談話研究の知見は、教育現場やメディア、言語学習、計算機処理などに応用されている。抽象的な理論にとどまらず、実際のコミュニケーション改善に役立つ点が大きい。

7.1 教育

教育では、説明のわかりやすさ、授業内の対話、教材の構成、学習者の理解支援に談話分析が用いられる。発問と応答の流れを把握することで、授業の設計にも生かせる。

7.2 メディア研究

メディア研究では、記事、番組、オンライン投稿などの表現がどのように現実を構成するかが調べられる。見出し、語調、画像との組み合わせが受け手の解釈に影響する。

7.3 言語教育

言語教育では、文法知識だけでなく、場面に応じた言い回しや会話の進め方が重視される。学習者は、自然な応答、依頼、説明の方法を談話レベルで学ぶ。

7.4 人工知能と自然言語処理

人工知能と自然言語処理では、文脈理解、対話管理、要約、照応解決などに談話の考え方が活用される。複数文にまたがる意味関係を扱ううえで、重要な基盤となる。

8 具体例

談話は抽象的な概念であるが、具体例を見ると理解しやすい。

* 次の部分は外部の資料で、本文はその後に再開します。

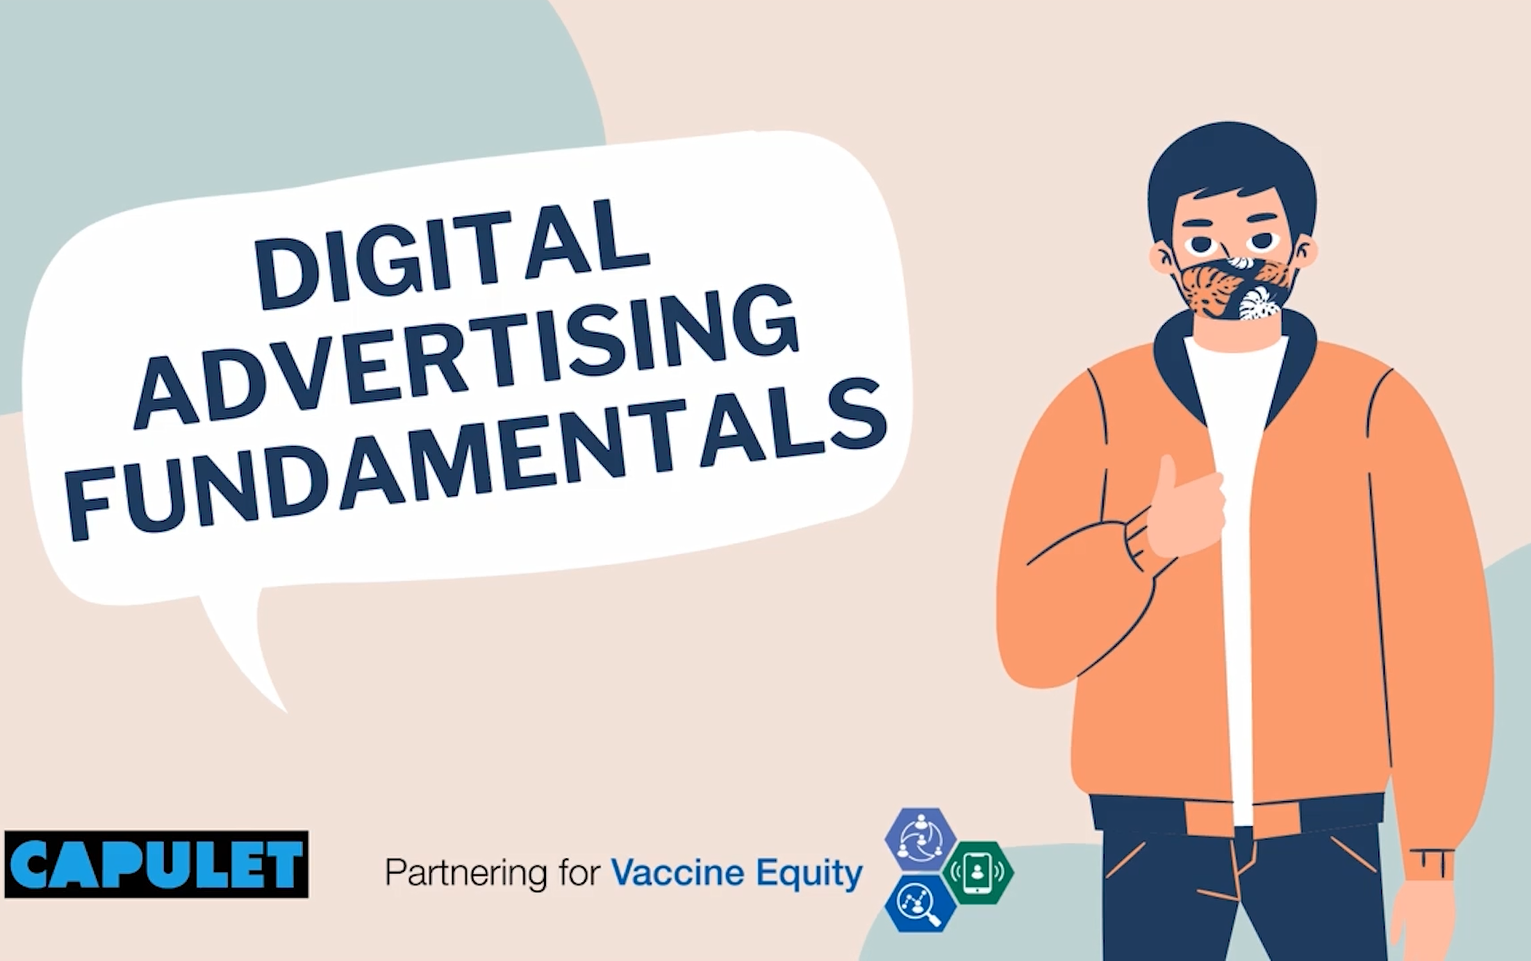 A still from a video called digital advertising fundamentals shows a man wearing a mask. Capulet and Partnering for Vaccine Equity logos are a the bottom.

日常的なやり取りから制度的な文書まで、さまざまな場面に現れる。

8.1 日常会話

日常会話では、短い応答や省略が多く、相手の知識を前提に進む。たとえば「明日、空いている?」「午後なら大丈夫」といったやり取りでも、予定確認という目的を共有している。

8.2 報道記事

報道記事では、事実の提示だけでなく、見出しや配列によって注目点が決まる。どの情報を先に置くかによって、読み手の理解の順序が変わる。

8.3 政治演説

政治演説では、聴衆への呼びかけ、価値の強調、将来像の提示が重要である。反復や対比を用いて印象を強めることが多く、内容だけでなく言い方も重視される。

8.4 広告

広告は、短い表現で注意を引き、購買や関心を促す談話である。語呂のよさ、感情への訴え、象徴的なイメージが組み合わされ、限られた空間で効果を狙う。

9 関連分野

談話は単独の領域ではなく、周辺分野と密接に結びつく。意味、使用、認知、表現技法の研究と重なりながら発展してきた。

9.1 談話と語用論

語用論は、文の意味が場面でどのように解釈されるかを扱う。談話研究と共通する部分が多く、含意、依頼、婉曲表現などの理解に役立つ。

9.2 談話と社会言語学

社会言語学は、言語と社会的属性の関係を調べる。談話研究では、方言、敬語、世代差、場面差などが相互作用と結びついて考察される。

9.3 談話と認知科学

認知科学では、理解、記憶、注意、推論が談話処理とどう関わるかが問題となる。読み手や聞き手が情報を統合する過程を説明する枠組みを提供する。

9.4 談話と修辞学

修辞学は、聞き手に伝えるための表現技法を研究する。談話研究と重なる領域として、構成、説得、比喩、強調などがあり、文章や演説の分析に用いられる。